In the next few weeks you will implement a compiler for a simple programming language used to control the behavior of agents in a distributed simulation (BugsWorld game). Although this language may be a simplified version of a real programming language, the translation process involves all the main phases usually found in compilers for full-fledged languages such as C++ and Java. This project will give you a chance to apply the ideas and use the components that you have studied so far while learning the fundamental concepts and techniques used in language processing applications and implementing several components in this domain.

The Game

BugsWorld is a game derived from the Darwin game invented by Nick Parlante at Stanford University. It consists of a two-dimensional rectangular world divided into square cells and populated by bugs. Each bug belongs to a particular species and that determines how the bug behaves. Here is an example of the world.

Each bug resides in one of the world cells and faces one of the four compass directions (north, east, south, or west). The basic steps that a bug can take are: move, turnleft, turnright, infect, and skip. Move results in the bug moving to the next cell in the direction it is facing (unless it is facing a wall or another bug, in which case it does nothing). Turnleft and turnright, as you might imagine, result in the bug turning by 90° left (counter-clockwise) or 90° right (clockwise) respectively. If the bug is facing a cell containing a bug of a different species, infect results in the other bug being converted to the species of the infecting bug (otherwise it does nothing). Finally, skip allows a bug to do nothing for one time step (one turn).

Essentially the BugsWorld game is a simulation of this world and of the critters in it. You can think of it as a competition among species where each species represented in the world (by one or more bugs) tries to survive by avoiding and/or by infecting the bugs of the other species.

The Language

The behavior of (bugs of) a certain species is expressed by a program written in a simple programming language called BL (Bugs Language). In addition to the five primitive instructions (move, turnleft, turnright, infect, and skip), the language provides a couple of selection control structures (IF-THEN and IF-THEN-ELSE), an iterative control structure (WHILE-DO), and the ability to define new instructions (INSTRUCTION-IS).
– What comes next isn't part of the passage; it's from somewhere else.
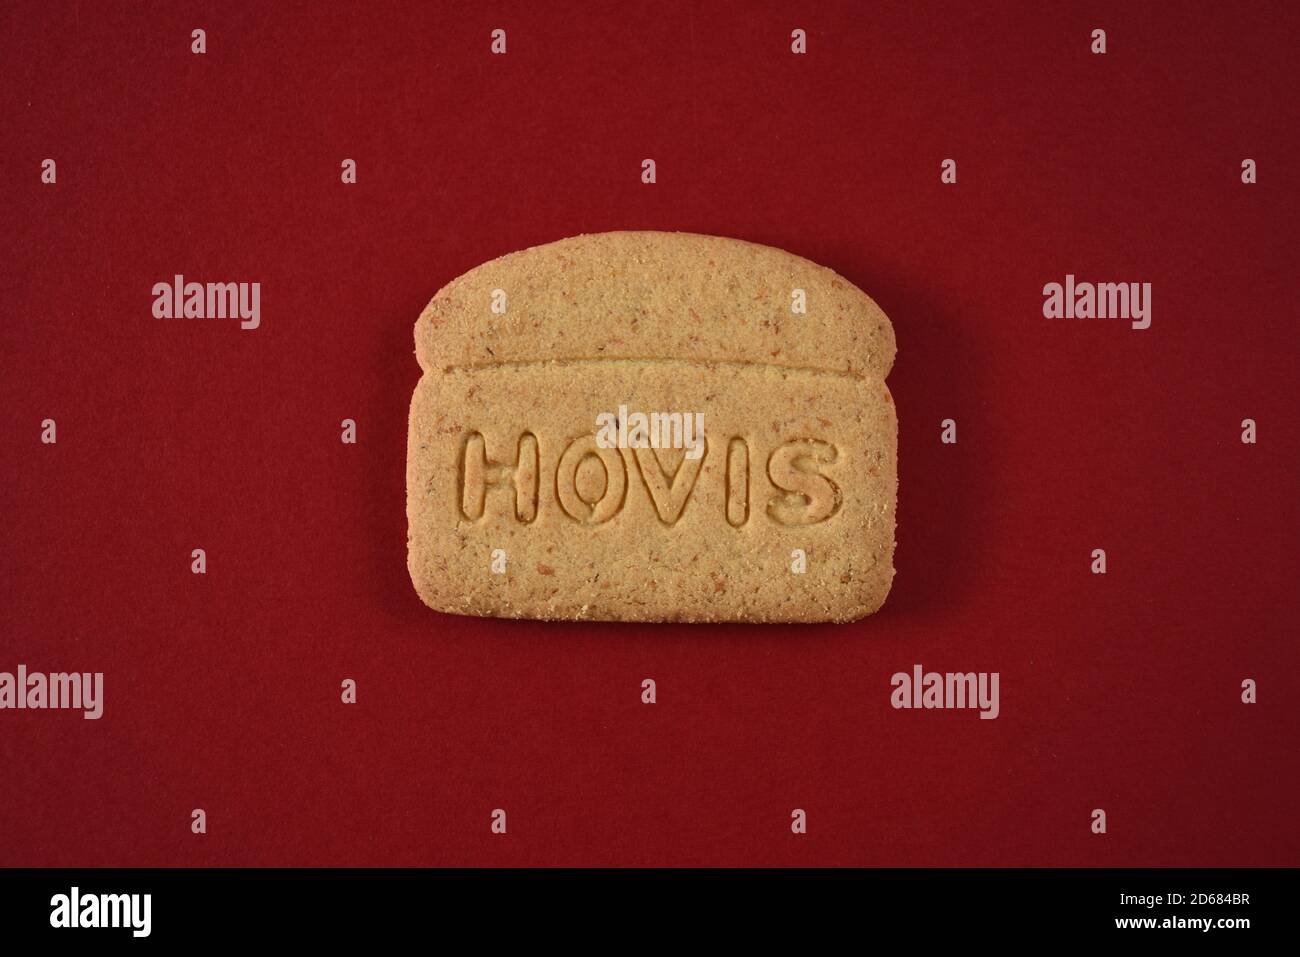 Hovis Biscuit Isolated on a red background Stock Photo

Here is a sample BL program (try to figure out the behavior that creatures of this species would display).

    PROGRAM TryToGuess IS

        INSTRUCTION FindObstacle IS
            WHILE next-is-empty DO
                move
            END WHILE
        END FindObstacle

    BEGIN
        WHILE true DO
            FindObstacle
            IF next-is-enemy THEN
                infect
            ELSE
                IF next-is-wall THEN
                    turnleft
                ELSE
                    skip
                END IF
            END IF
        END WHILE
    END TryToGuess

Since you are already familiar with the syntax of a much more complicated programming language, we won't spend much time describing the details of the BL language. Here are some of the salient features of the language:

The Simulator

The simulator for the Bugs world is made up of three distinct applications: server, client, and display (see figure below).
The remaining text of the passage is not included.